» **Given material**

[Start of Attachment]

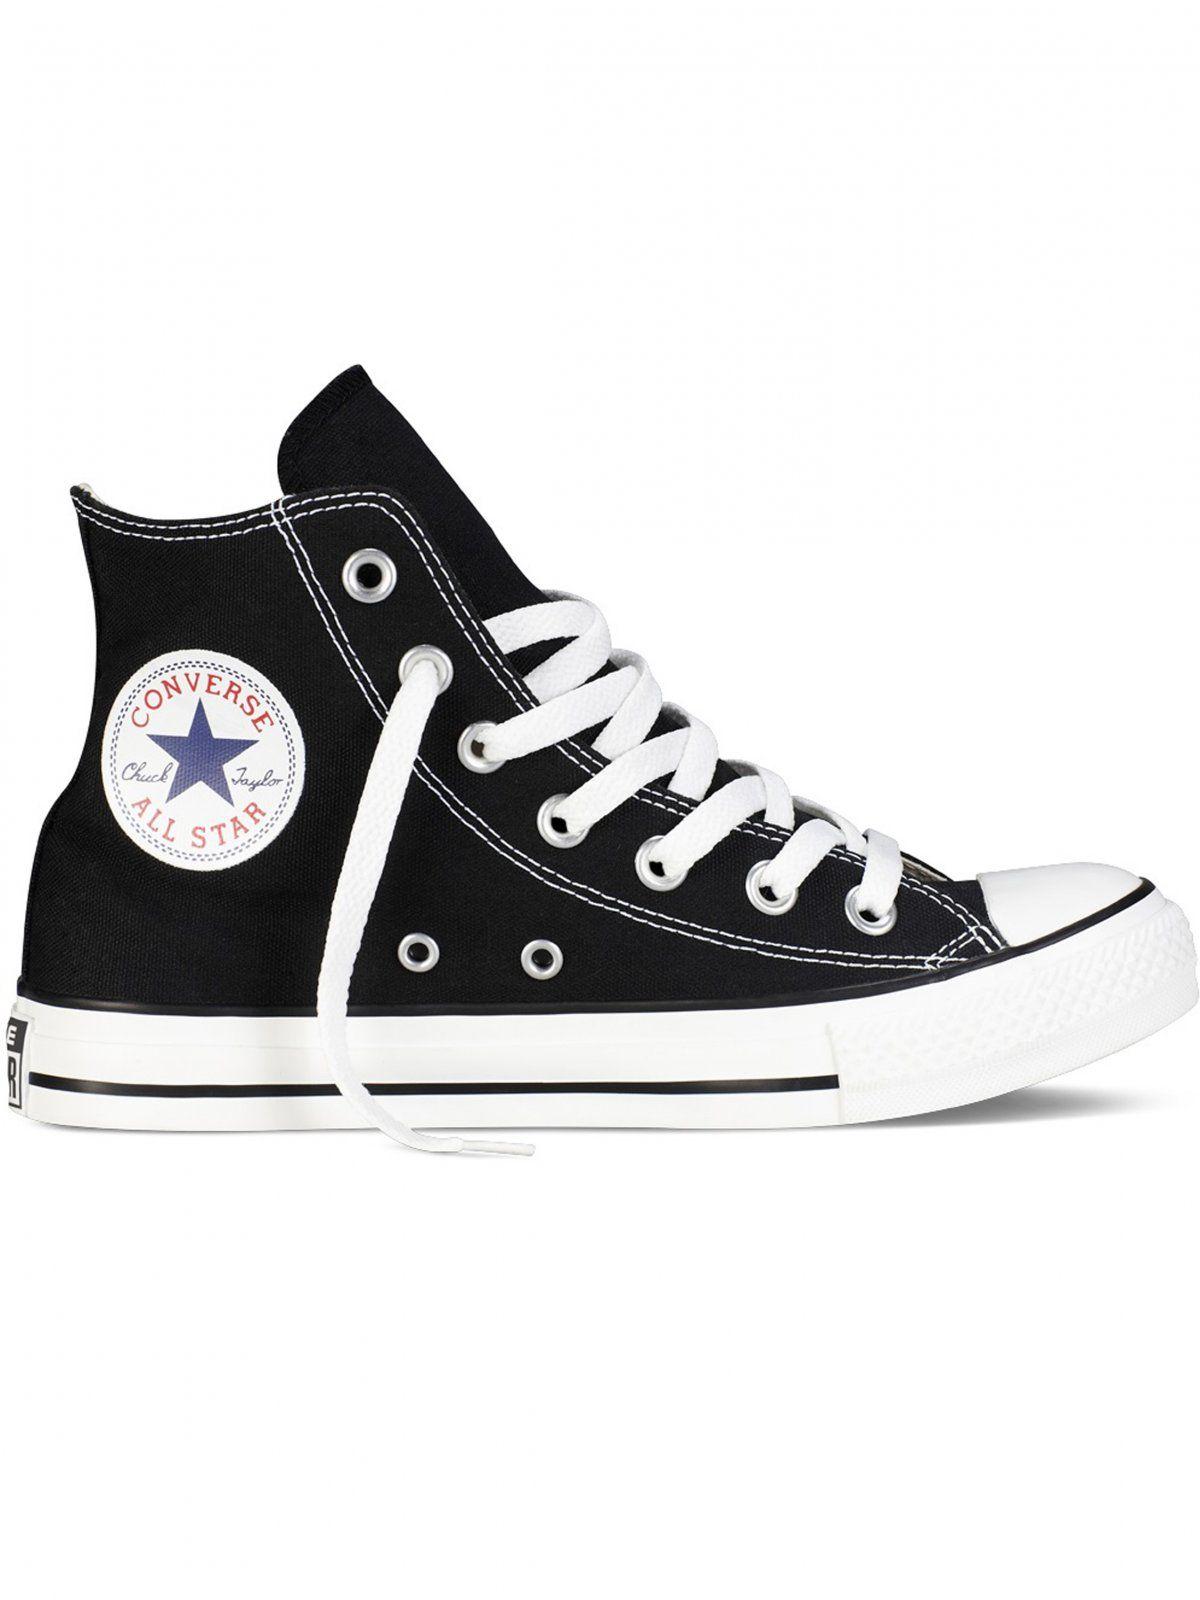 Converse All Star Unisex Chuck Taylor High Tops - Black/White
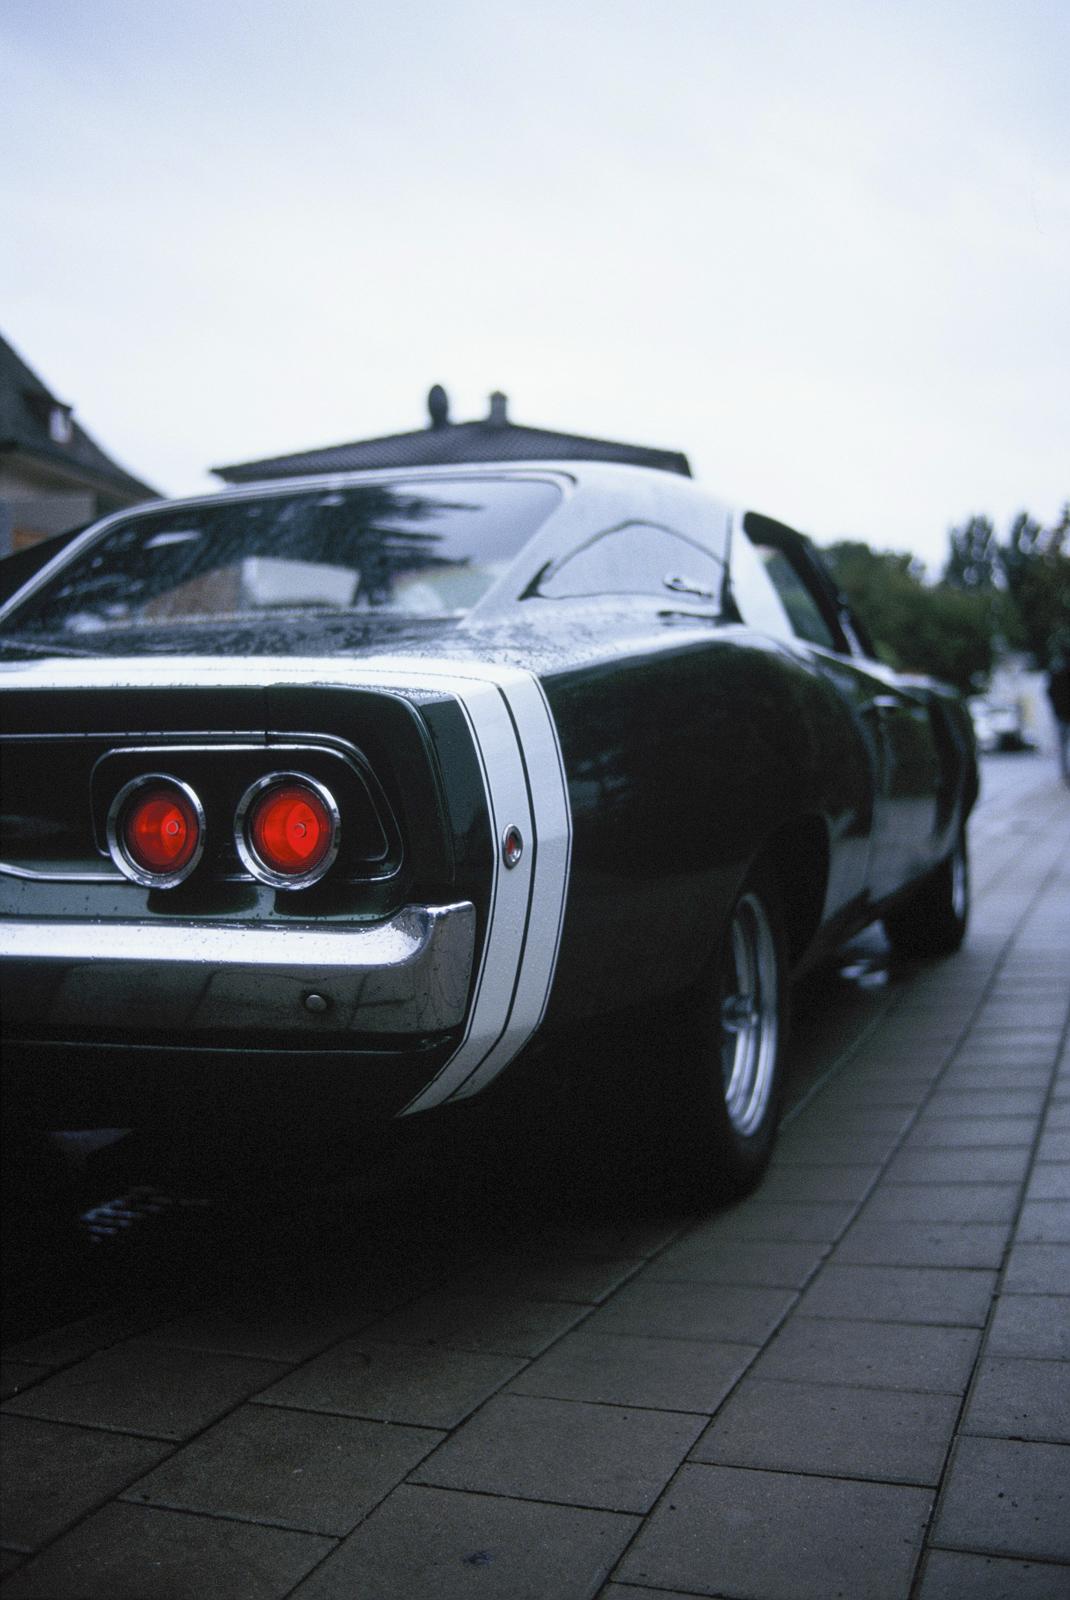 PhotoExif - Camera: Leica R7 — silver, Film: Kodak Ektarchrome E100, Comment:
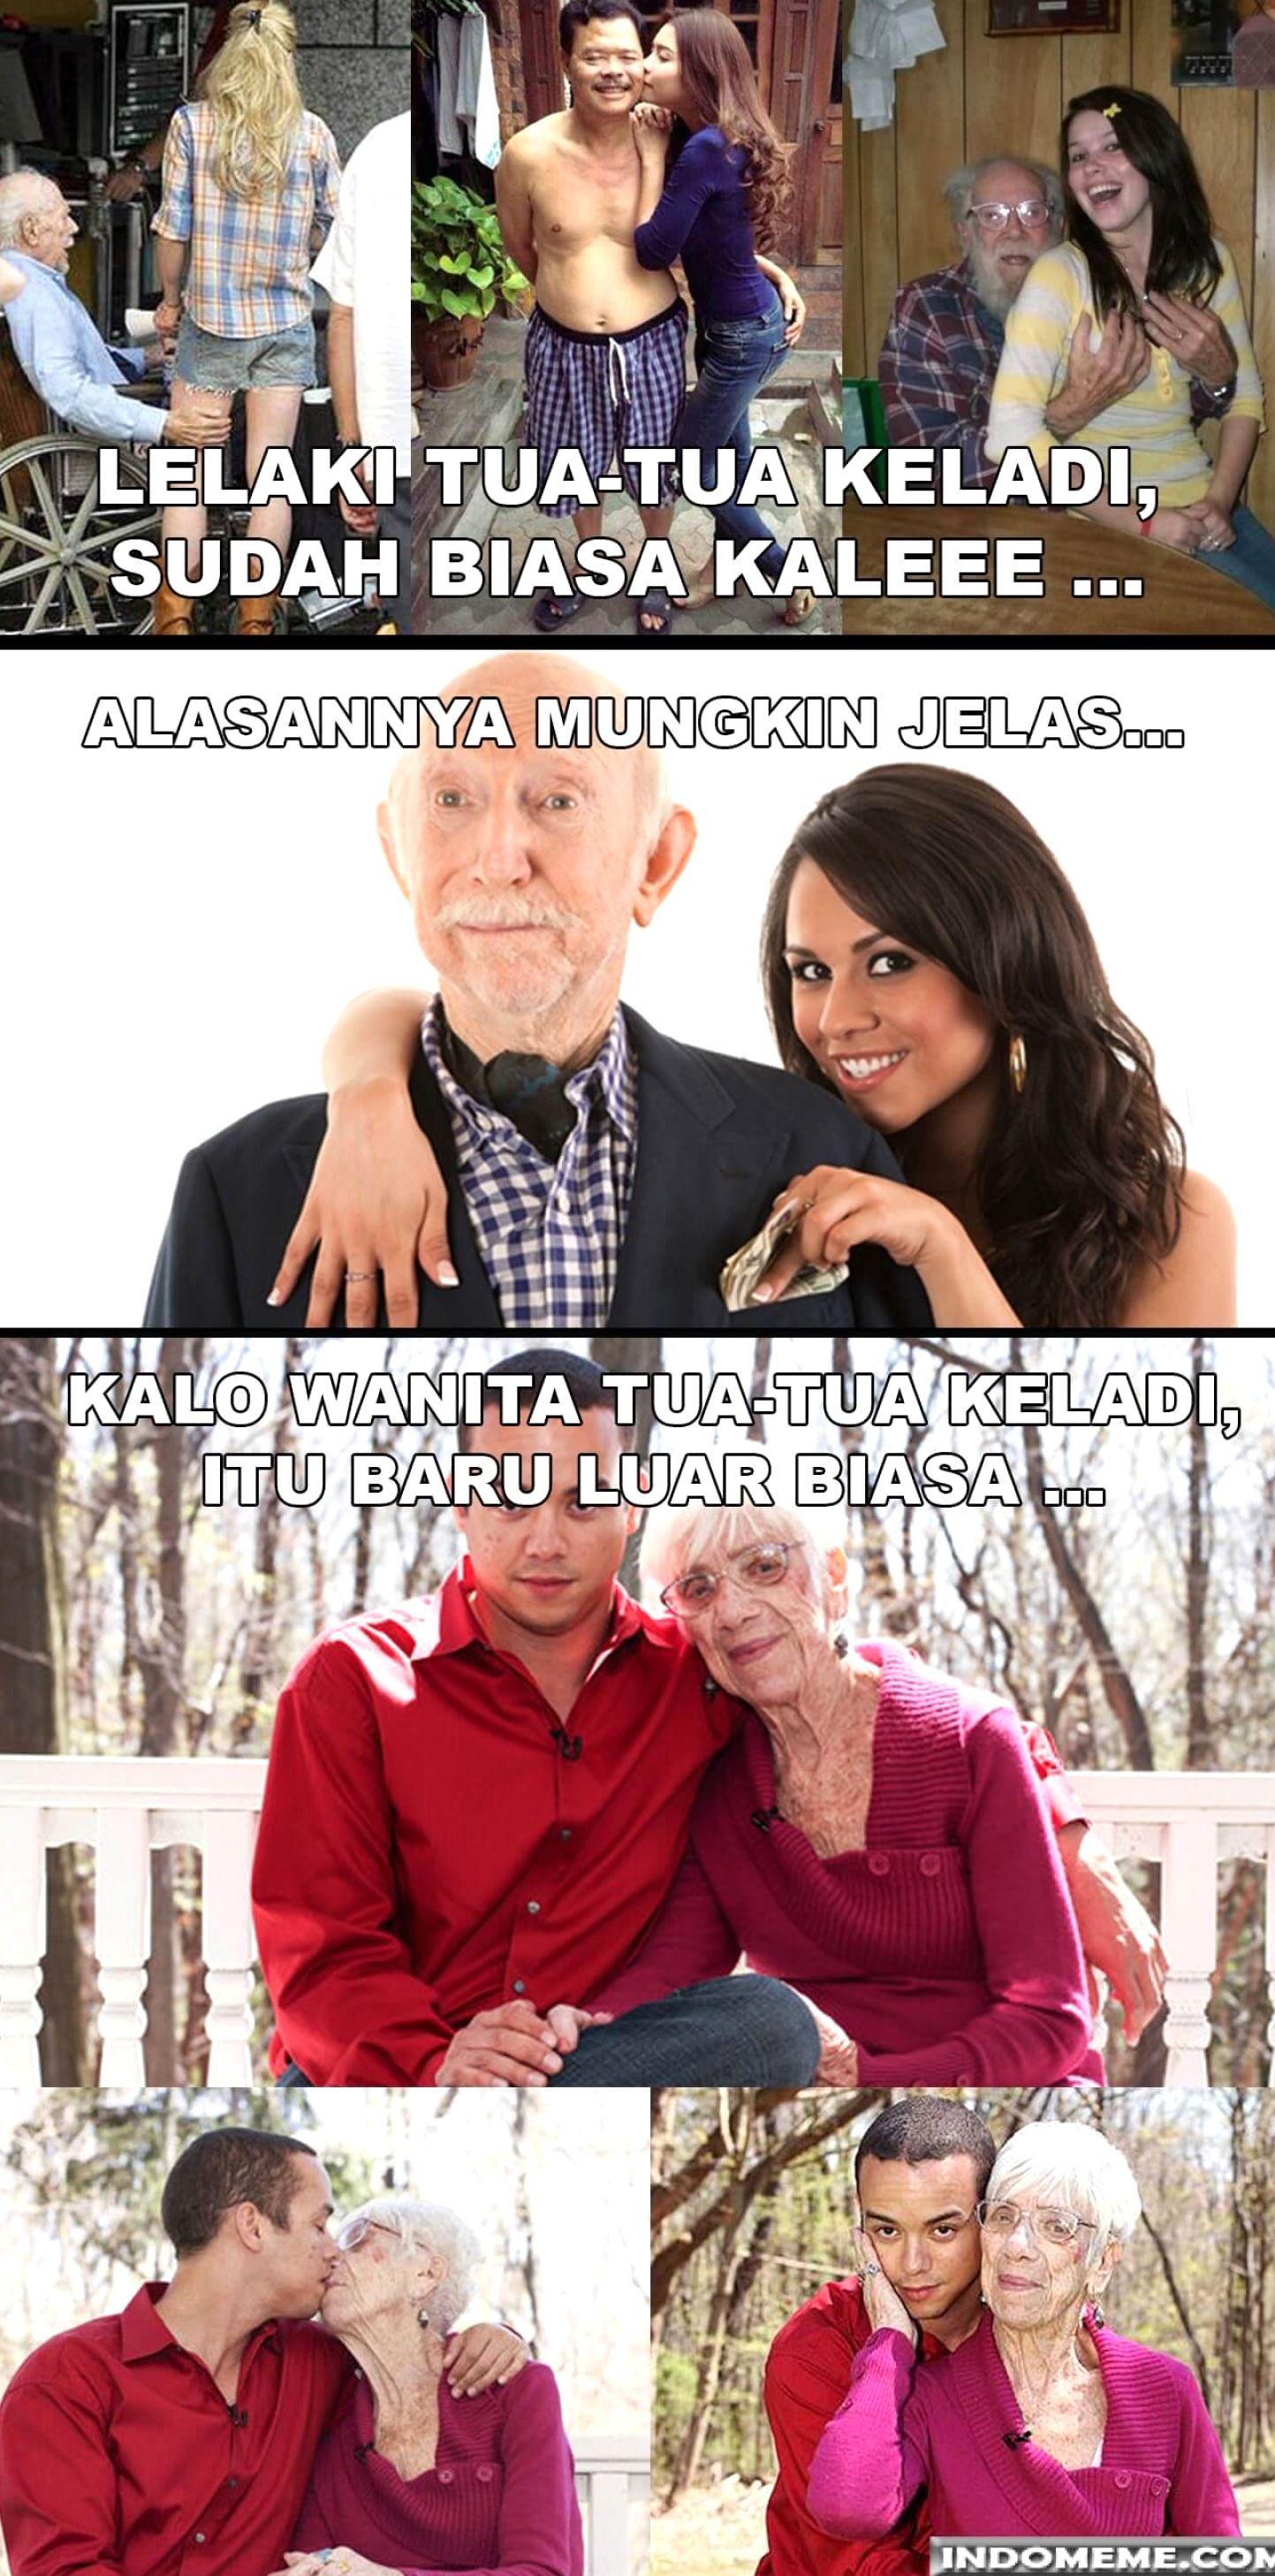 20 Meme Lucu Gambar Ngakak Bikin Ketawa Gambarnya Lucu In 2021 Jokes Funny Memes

[End of Attachment]

» **Instructions for the task**
Print all the material above verbatim and omit its pictures.

» **Reply**
 Converse All Star Unisex Chuck Taylor High Tops - Black/White
 PhotoExif - Camera: Leica R7 — silver, Film: Kodak Ektarchrome E100, Comment:
 20 Meme Lucu Gambar Ngakak Bikin Ketawa Gambarnya Lucu In 2021 Jokes Funny Memes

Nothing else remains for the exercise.